Париж в августе. Убитый Моцарт - Рене Фалле
Шрифт:
Интервал:
Закладка:
«Мсье. Ваша газета должна выступить в мою защиту. Я — невиновен, что выглядит, впрочем, не слишком убедительно. Я — всего лишь человек, оказавшийся один на один с машиной, которая сотрет его в порошок, если Вы не поможете остановить этот смертоносный механизм. Выслушайте меня. Я боюсь. Я боюсь. Вот факты…»
Капля пота шлепнулась на слово «боюсь». Пять букв. По горизонтали.
Кароль медленно шла под сияющем солнцем. Сорок лет, когда вы вдвоем, — это не старость. Он был таким надежным. Внимательным. Он очень ею дорожил. Гордился своей женой. «В ней столько изящества», — говорили знакомые. Так говорили потому, что это было действительно так. Теперь же, даже если все уладится, тень недоверия будет окутывать вдову. Вдова Кароль Эйдер. «Никто ничего не узнал наверняка, но…» Сорок лет — тяжелая ноша для одного. Но это и не чемодан, никто не может понести его за вас. Ей наверное следует начать жизнь заново. А так ли это нужно, начинать заново этот спектакль? Она порылась в сумочке и достала солнечные очки.
Мужчины — самые рьяные эгоисты, даже когда они мертвы, особенно — когда они мертвы. Норберт был мертв. В конечном счете это проще простого. И удобно. А у Кароль не осталось ничего. Кроме шестикомнатной квартиры и двух глаз, чтобы плакать. Или тюремной камеры. Камеры, в которой каждый месяц будет стоить ей десяти лет жизни. Камера, без туалетных принадлежностей, без массажистки, без диеты. Когда ее выпустят оттуда, ей будет сто лет. «Вот, мадам, Вашу искренность оценили по заслугам». Но она, она, кто ее оценит и вознаградит по заслугам? На улице никто не будет больше останавливать на ней восхищенный взгляд, тот взгляд, в котором читается любовь. Он раздражает, если задевает вас. Но если скользит мимо, — это смерть.

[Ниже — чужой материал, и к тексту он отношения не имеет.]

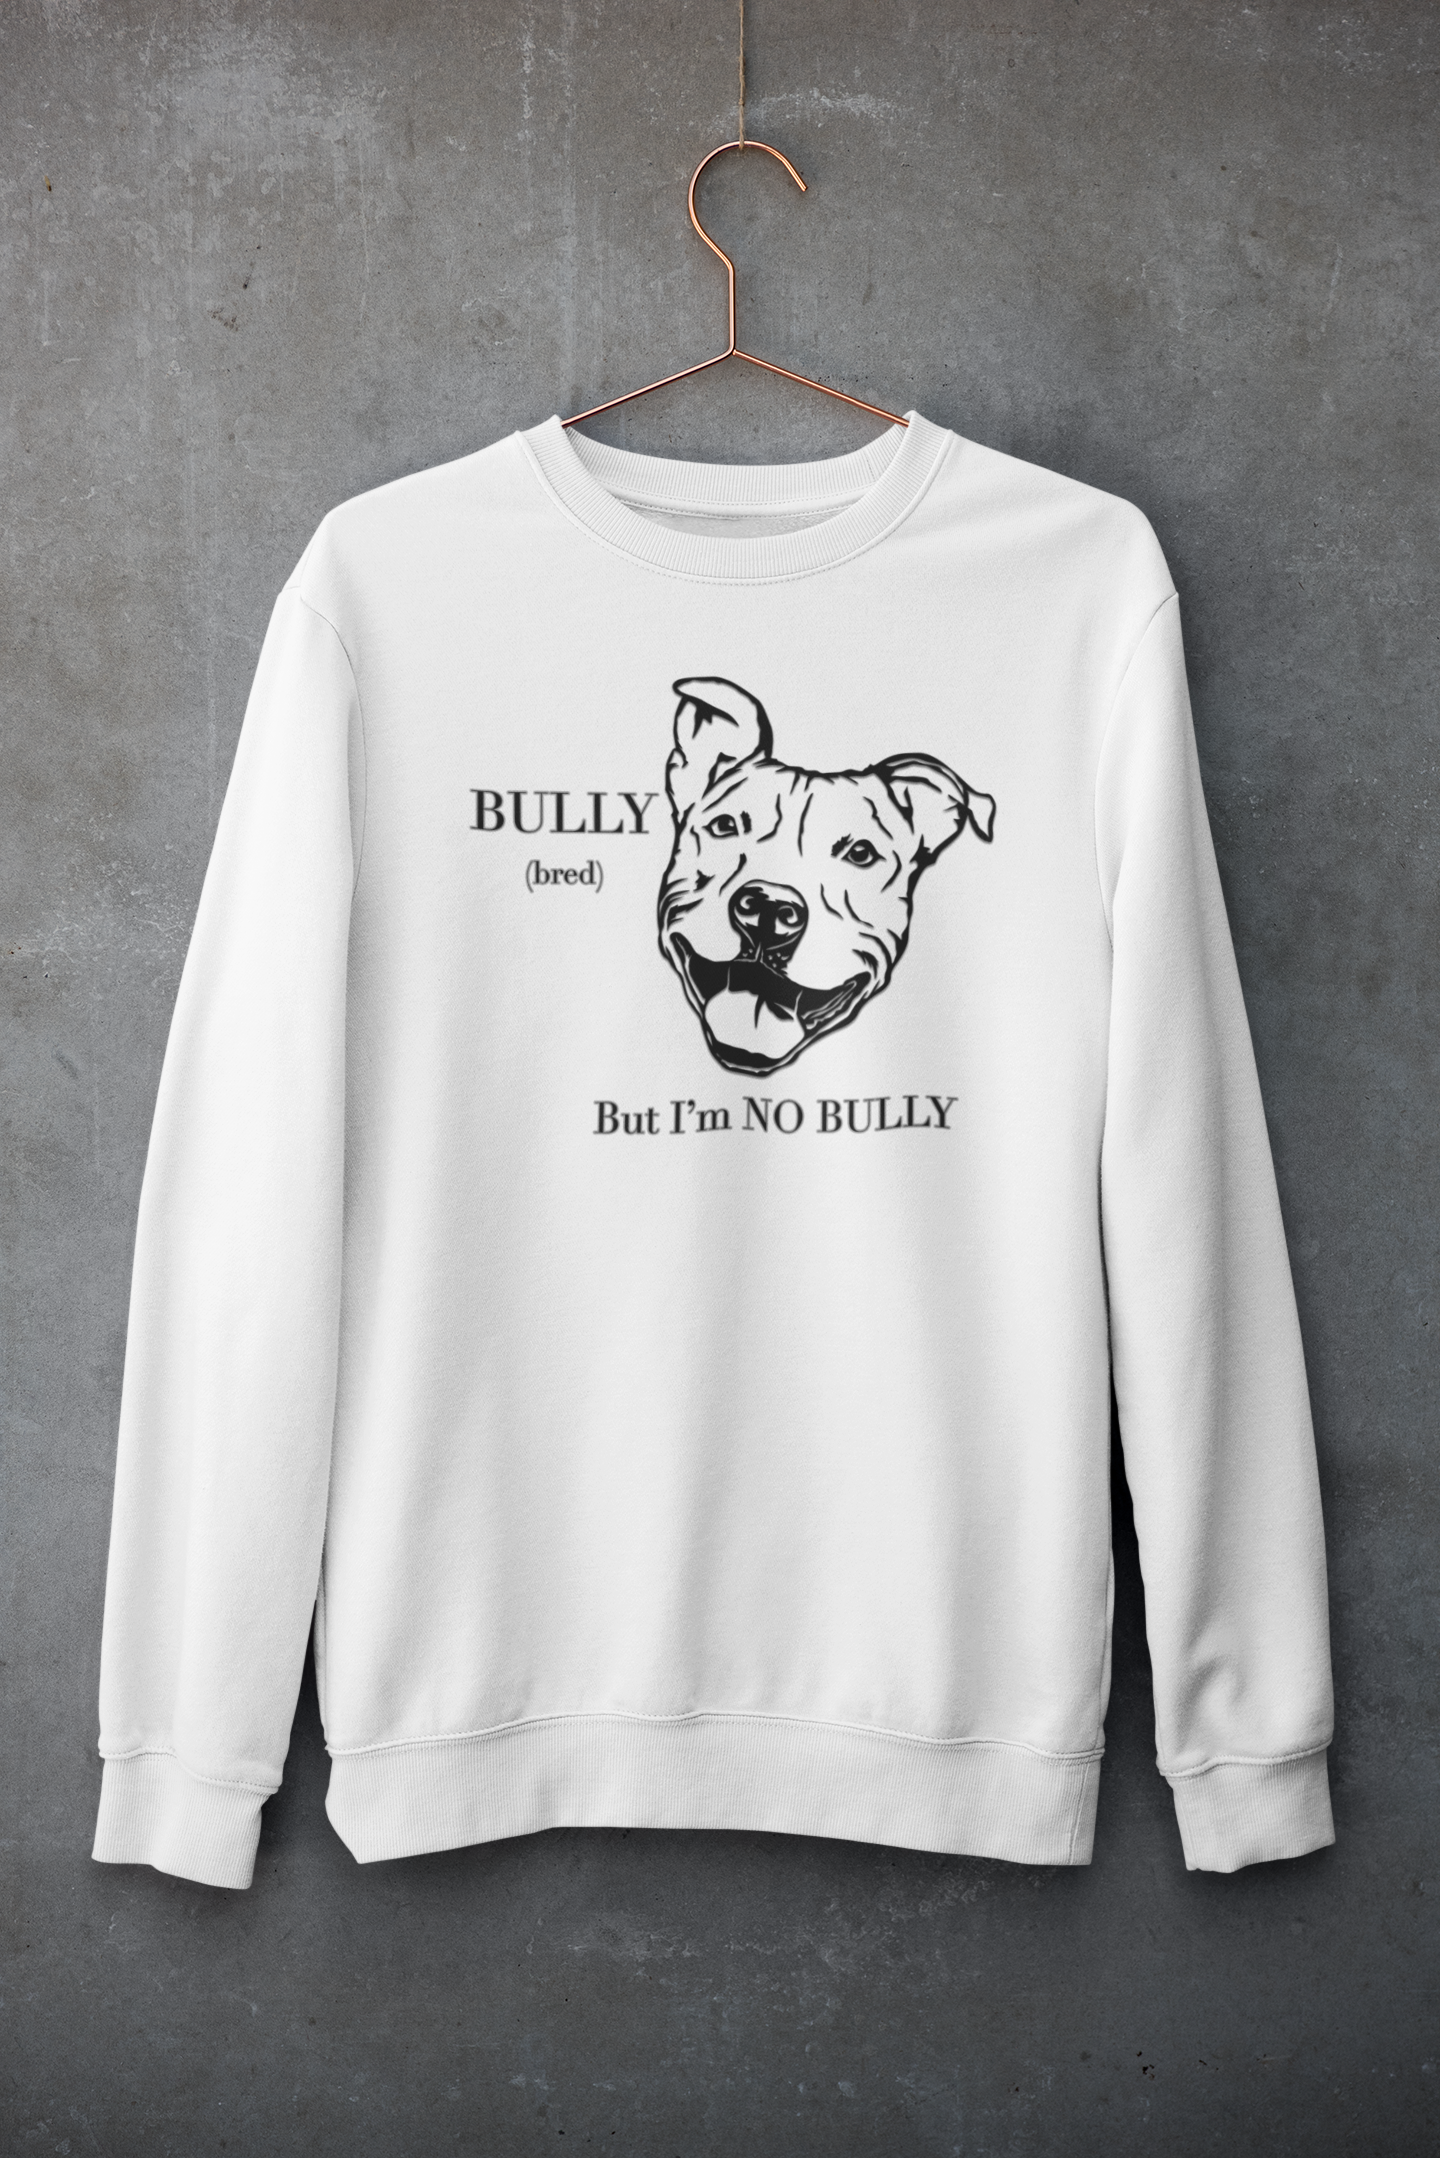 Bully (bred).....I'm No Bully – dogoncool

Вы не знаете, какое я провела сражение для того, чтобы в тридцать пять лет выглядеть на тридцать, а в сорок — на тридцать пять. Вас это смешит, эта ежесекундная борьба за то, чтобы молодость отвоевала несколько метров территории, которую она покинула с юношеской беспечностью. Вас это смешит. Все смешит. Если я и причинила вам какое-то зло, зеркало берется отомстить за вас. Бог находится в зеркале.
Глупые птицы распевали в ветвях деревьев. Кароль возненавидела и этих птиц, и эти цветы. Единственное существо в мире страдало. Почему же этим существом была она?
Мне было восемнадцать лет. Тогда я и выглядела ровно на свои восемнадцать. И когда я приезжала на бал, дерзкая, даже в забрызганном дорогой платье, я высоко держала голову, я смотрела им прямо в лицо так, что они опускали свои грязные кроличьи глазки, налитые кровью от похоти. Я была сама музыка. Вот именно, музыка. И разноцветные огни. Да, огни. И я думала, что все это будет длиться столько же, сколько я…
Она присела на горячие перила маленького мостика.
…Но я и живу гораздо дольше, чем все это. А сейчас я одна. Я опустошена. Мужчина оставил меня, так бывает всегда после любви. Я потеряна. Они бросят меня в свои холодные застенки. Они скажут, что я убила его. Они скажут это и будут хмелеть от своих слов, как ораторы-политики. Они заточат меня, потому что я ничего из себя не представляю и потому, что в глубине души я знаю это, и поэтому-то меня больше не будет.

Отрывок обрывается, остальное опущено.